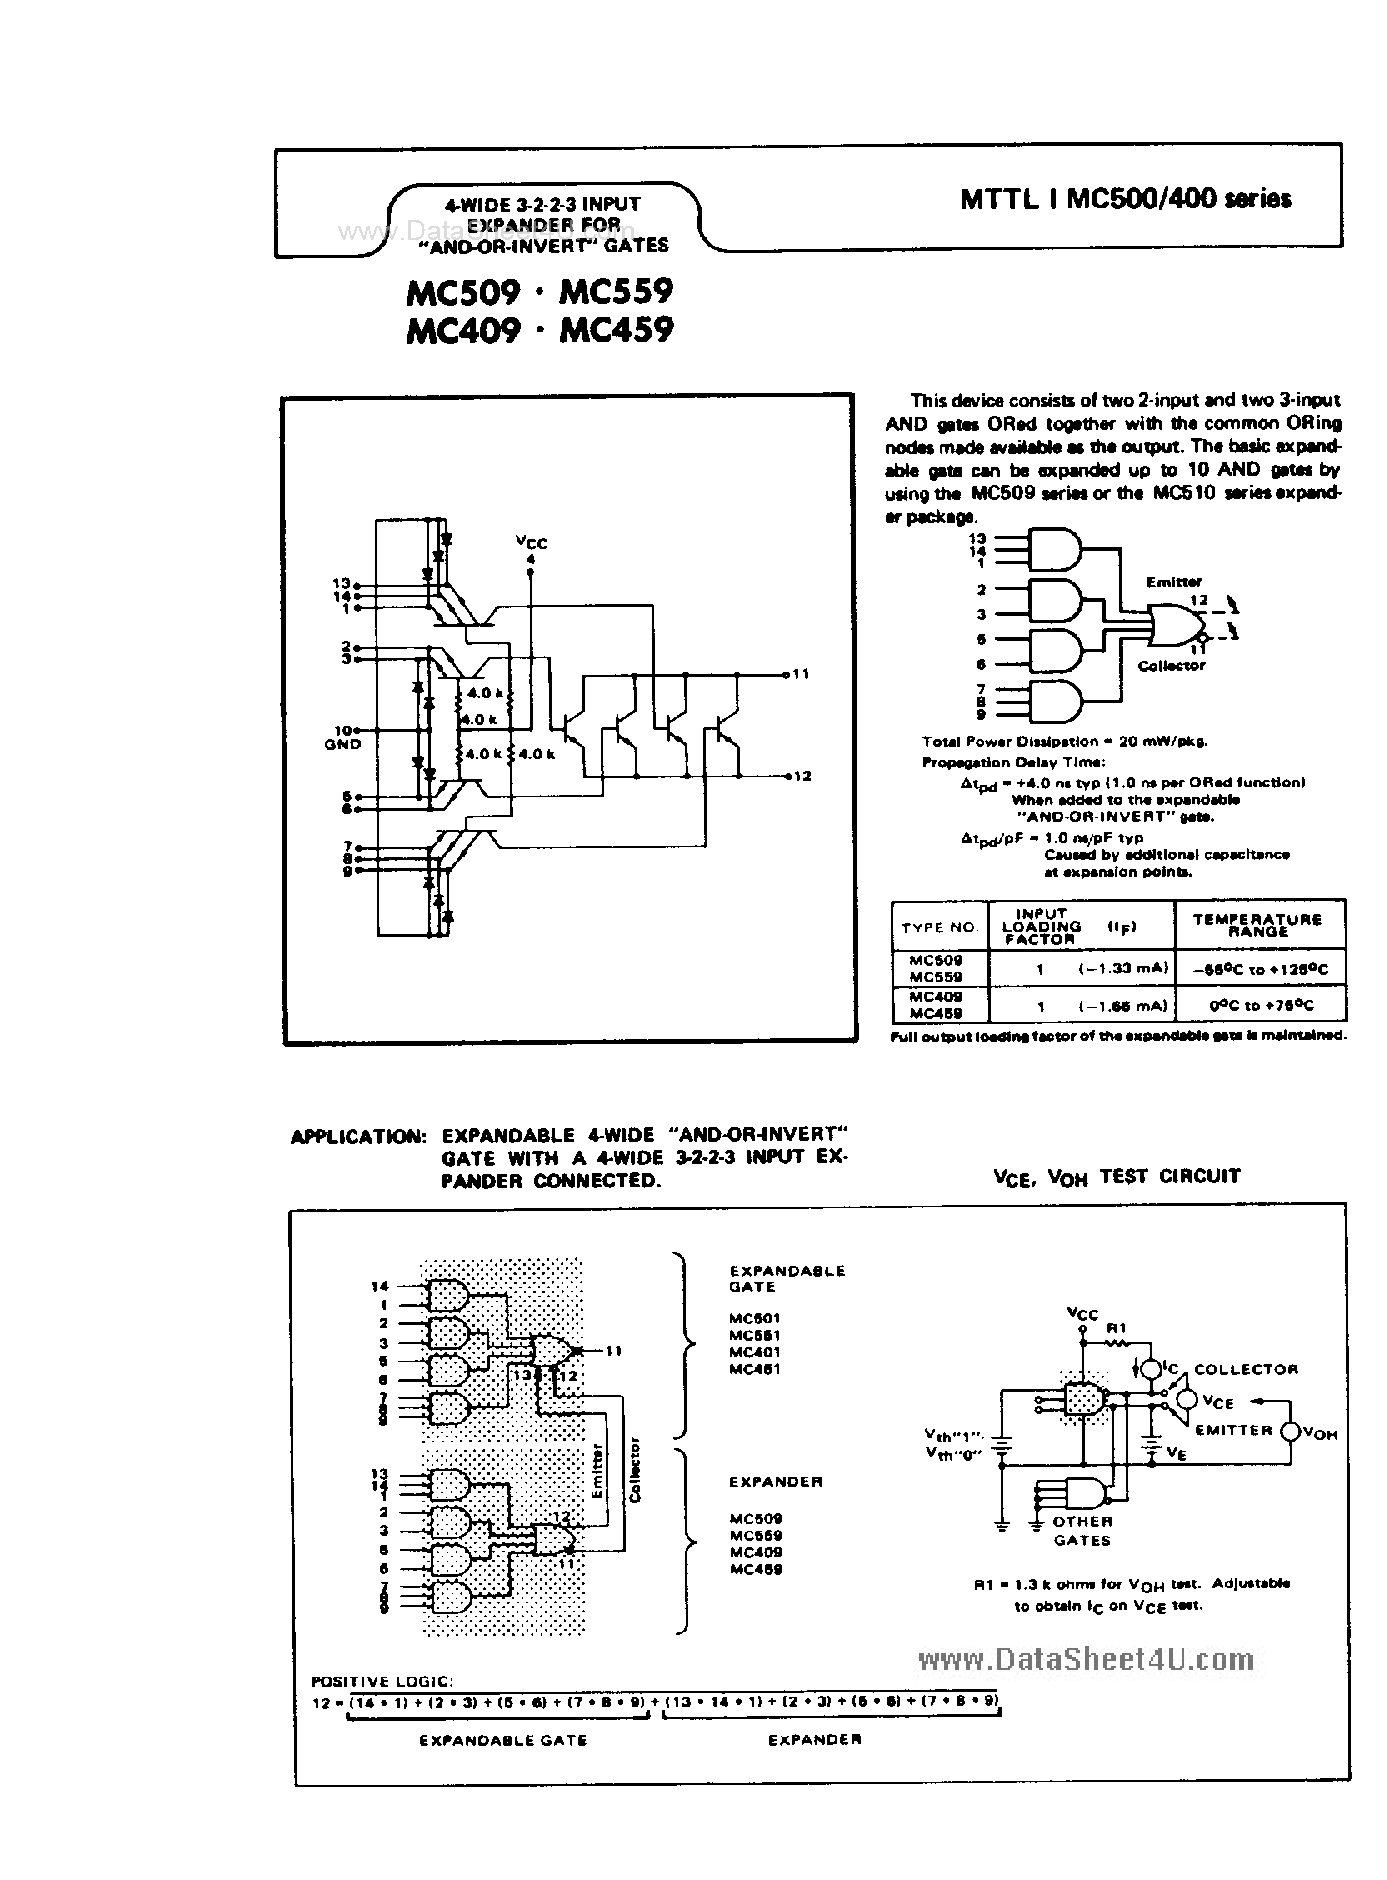 Datasheet MC509 - (MC509 / MC559) 4 wide 3-2-2-3 input expander page 1
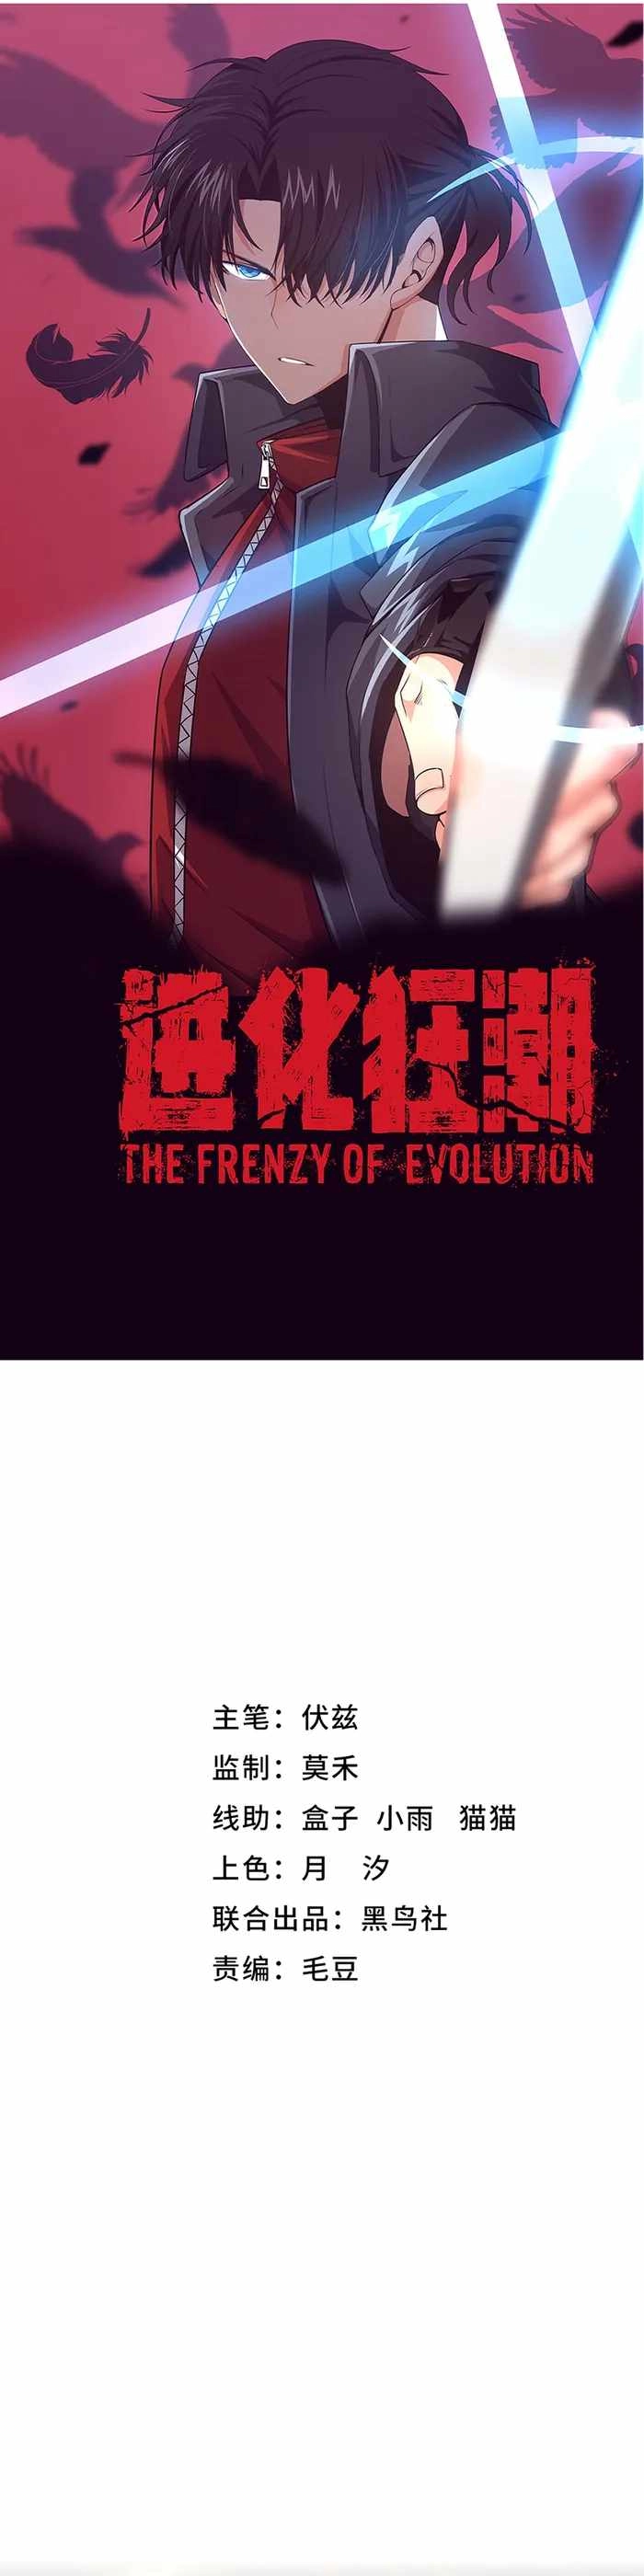 Evolution frenzy Chapter 138
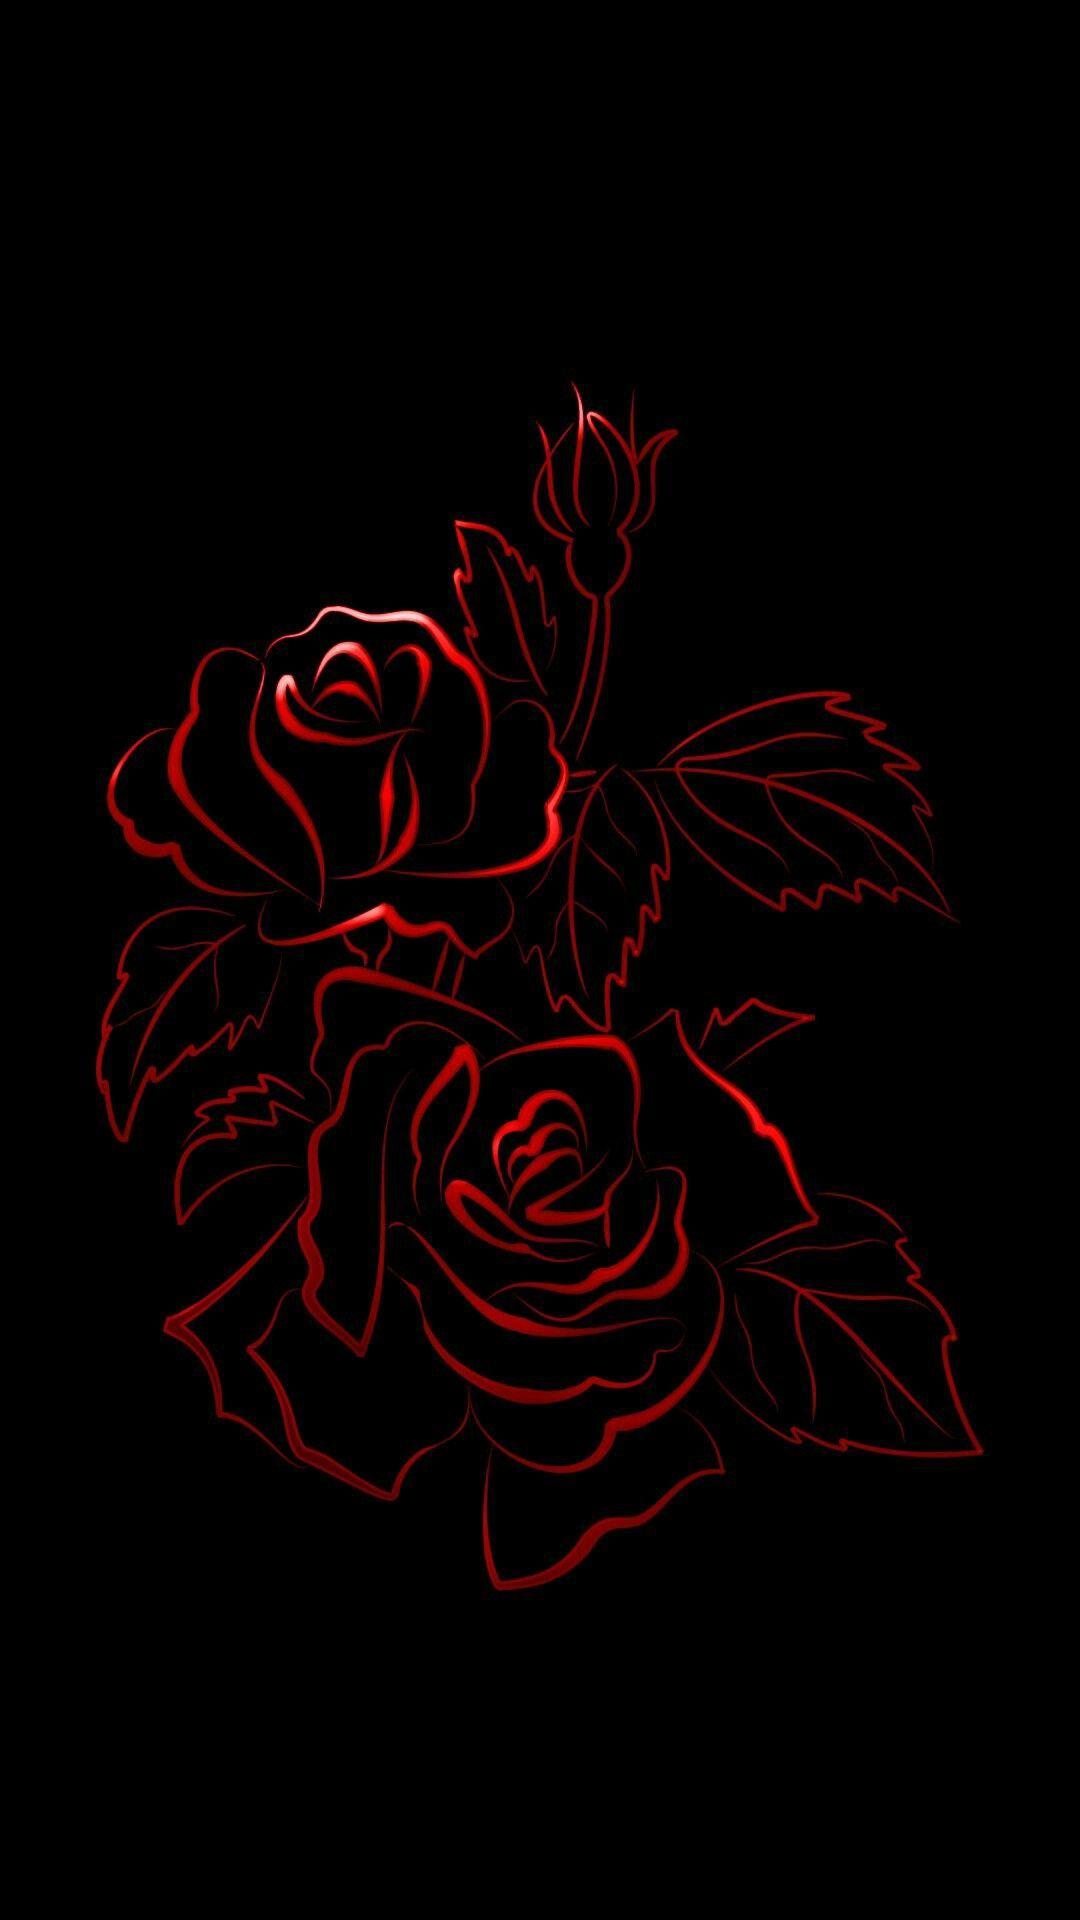 170 Red Rose Black Background Illustrations RoyaltyFree Vector Graphics   Clip Art  iStock  Red roses

┄┄┄┄┄┄

Exercise goal: Without the pictures, write out the whole listing exactly as it appears.

Task output:
 Datasheet MC509 - (MC509 / MC559) 4 wide 3-2-2-3 input expander page 1
 Evolution frenzy Chapter 138
 170 Red Rose Black Background Illustrations RoyaltyFree Vector Graphics   Clip Art  iStock  Red roses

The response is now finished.